Au moment où une femme franchit le seuil de la maternité, elle est privée de tout droit sur son corps. Ne lui sont permises que les choses qui recueillent l’assentiment des soignants ; lui sont interdits tous les actes qui semblent incongrus aux soignants. Ceci est d’autant plus choquant à nos yeux qu’on parle d’un phénomène physiologique qui sera sans complications dans la plupart des cas et non d’une pathologie. C’est le corps de la femme qui sait, et c’est elle qui sent, physiquement et psychiquement. Ce savoir inné n’a toutefois pas grande valeur aux yeux du corps médical. L’accouchement ayant été modélisé, tout ce qui s’écarte d’une norme devient suspect et entraîne un geste de la part du soignant, une contrainte sur le corps. Concernant ces gestes, bien souvent on ne cherche pas à obtenir le consentement éclairé de la patiente, parce qu’on ne veut pas prendre le temps de lui expliquer quelque chose dont on estime qu’elle n’en saisira pas forcément la portée, mais surtout parce que le faire est d’autant plus inutile qu’on n’est pas disposé à agir autrement. Nous souhaitons amener les femmes à se réapproprier leur corps et leur accouchement, à s’interroger, à tenter d’imaginer ce qu’elles pourraient gagner en s’y impliquant davantage, quitte à se positionner contre ce qu’on veut leur imposer et à manifester leurs exigences.

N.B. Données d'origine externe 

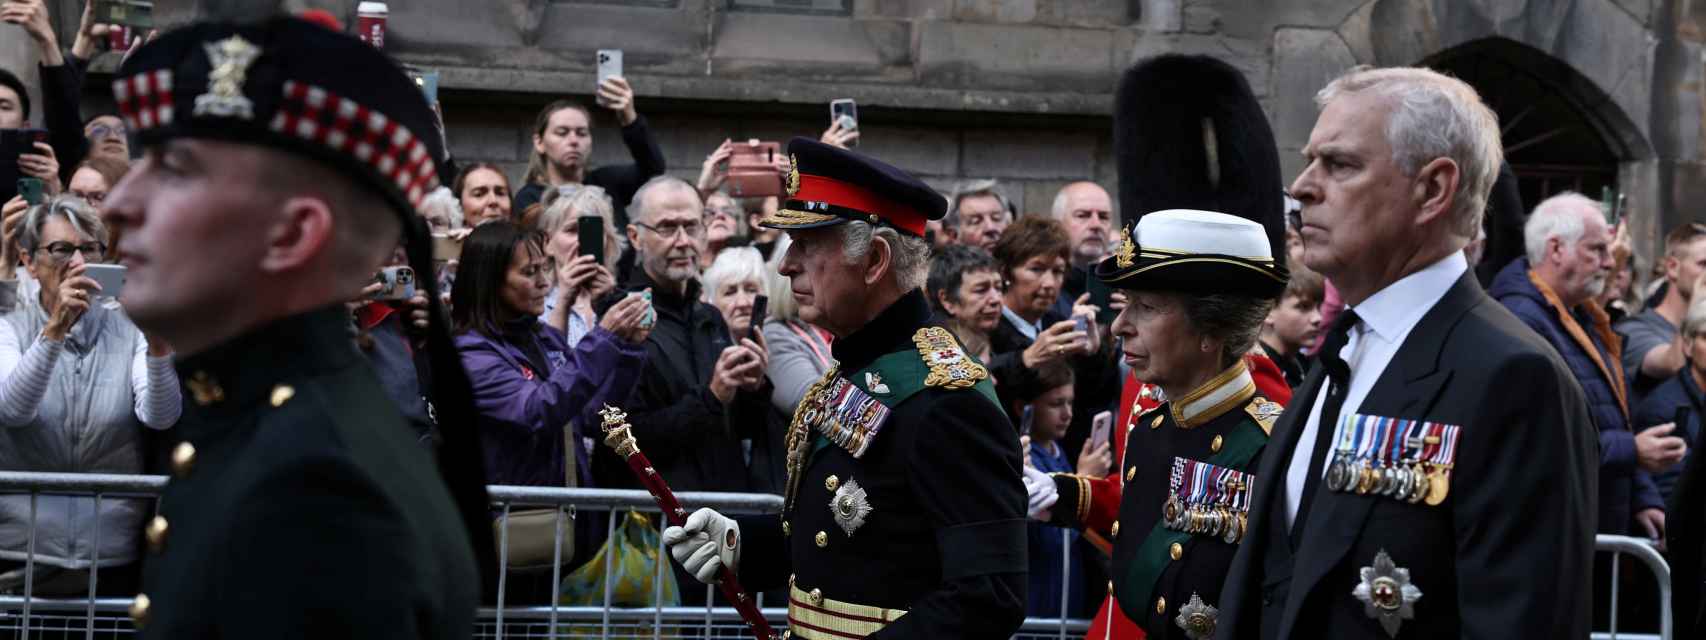 El rey Carlos III junto al príncipe Andrés siguiendo en Edimburgo el cortejo fúnebre de la reina Isabel II.

Vient ensuite la réflexion féministe, et pour illustrer mon propos, je vais prendre deux exemples extrêmes. Le premier est celui d’une femme qui refuse la pose d’une voie veineuse. Celle que la plus ouverte des sages-femmes hospitalières mettra sans nul doute dans la catégorie « extrémiste de la naissance naturelle » et qui lui fera certainement dire que cette femme n’a qu’à rester chez elle. Quand on s’arrête sur cet exemple, on constate que c’est avant tout la peur du soignant qui s’exprime et que, d’autre part, le soignant estime a priori la femme irresponsable, n’ayant pas conscience des conséquences fâcheuses que son choix pourrait impliquer. Nous posons donc la question : et si on s’intéressait aux avantages que cela représente pour cette femme ainsi qu’aux effets positifs générés par le respect de cette demande, instaurant dès lors une relation de confiance entre la patiente et le soignant qui facilitera les éventuels gestes médicaux qui pourraient s’imposer si cela tournait mal ? La position du soignant est ici contradictoire. Cette femme est venue en milieu hospitalier pour bénéficier de ses compétences en cas de souci, elle n’est donc absolument pas opposée à ce que la naissance de son bébé soit médicalisée si cela s’avère nécessaire. L’incapacité du soignant à accompagner cette femme selon ses désirs, en lui laissant endosser la responsabilité de ses choix, peut perturber le déroulement de l’accouchement en mettant la femme en obligation de se battre pour se faire respecter, et dans cette configuration, les femmes ont rarement le dessus et en ressortent parfois profondément meurtries.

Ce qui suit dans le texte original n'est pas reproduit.